The judge says the warrant goes against the fourth and fifth amendments.
Last year, Forbes uncovered a warrant which requested that fingerprints should be obtained in order to unlock all electronic devices at a searched location. The warrant was approved by a magistrate judge, citing that giving up passwords, fingerprints or encryption keys didn’t infringe on a suspect’s fourth or fifth amendment rights (the right against unlawful seizure, and the right against self incrimination respectively). The warrant was backed up by citing cases as far back as 1910; not quite relevant for deciding the fate of modern electronic devices, which are essentially mobile data centers. In fact, even the most recent cited case in the warrant was 30 years old.
Now, a second, similar warrant has been uncovered, but this one has been rejected by the presiding judge. Judge M. David Weisman of the district court of Illinois has found that requiring to seize and unlock electronic devices for everyone at a search location would go against several constitutional amendments. The judge notes that while the courts do allow for seizing and unlocking devices belonging to suspects, they cannot do so for others who aren’t under investigation:
The issues presented in this warrant application are at the cross section of protections provided by the Fourth and Fifth Amendments. Essentially, the government seeks an order from this Court that would allow agents executing this warrant to force “persons at the Subject Premises” to apply their thumbprints and fingerprints to any Apple electronic device recovered at the premises. (See Attach. B, tT 12.) The request is neither limited to a particular person nor a particular device. And, as noted below, the request is made without any specific facts as to who is involved in the criminal conduct linked to the subject premises, or specific facts as to what particular Apple-branded encrypted device is being employed (if any).
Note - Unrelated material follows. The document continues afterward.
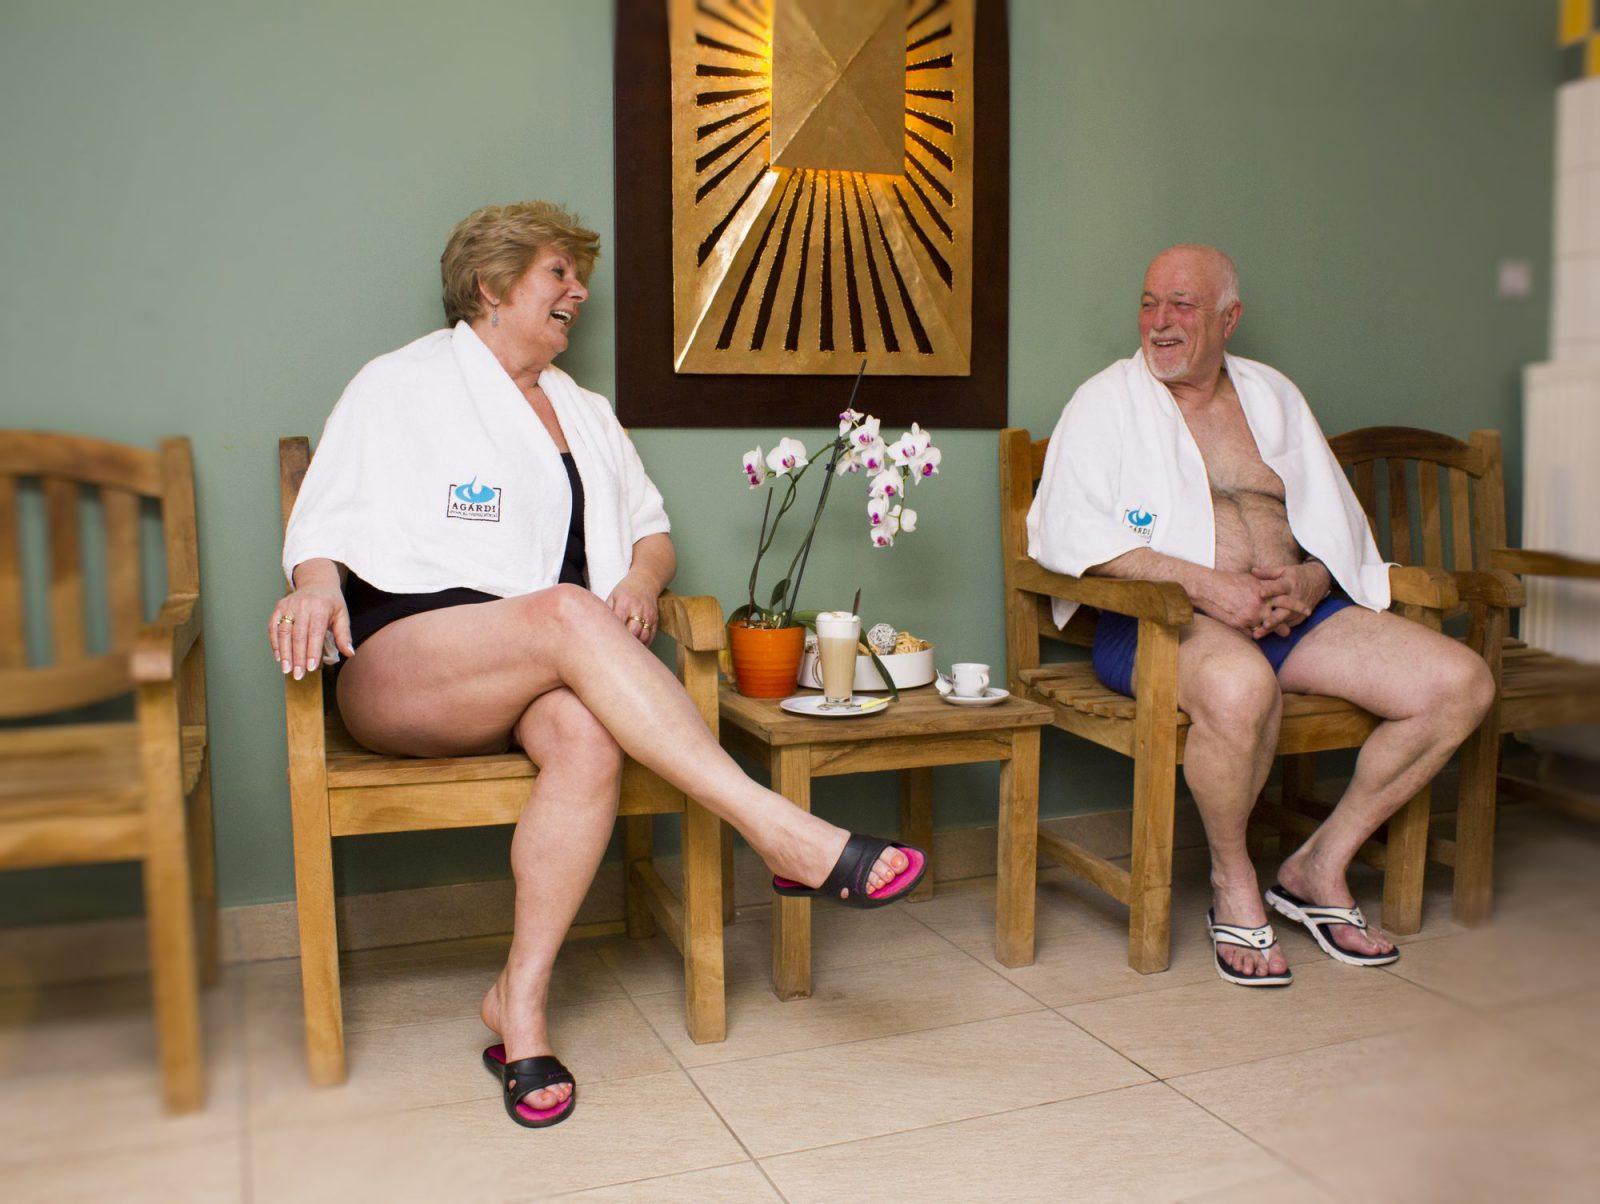 A kedvezményes fürdőbelépést biztosító támogatás kerete a mai napon kimerült.

The court’s complaints with the warrant don’t end there. Early on in the judge’s response, he cites the archaic approach to technology that is featured in the text, seemingly almost as dated as the cases it cites:
Despite the apparent seriousness of the offenses involved, the Court notes that some of the “boilerplate” background information included in the warrant is a bit dated, such as its explanation that “[t]he internet allows any computer to connect to another computer [so] [e]lectronic contact can be made to millions of computers around the world;” its explanation that a “Blackberry” is a common “Personal Digital Assistant” and its suggestion that the use of “cloud technology” is the exceptional way of transferring files and that transferring images to a computer by directly connecting a cable to a camera or other recording device is the expected means of data transfer.
A big problem with search warrants like this is that they set a precedent for the US government. Even though the warrant failed here, it will surely be granted in other places. The government seems to feel that it’s found a workaround for encryption: simply compromise fourth and fifth amendment rights with weak technology-oblivious arguments. Instead, how about better probable cause, fewer assumptions and a less lackadaisical approach to basic rights?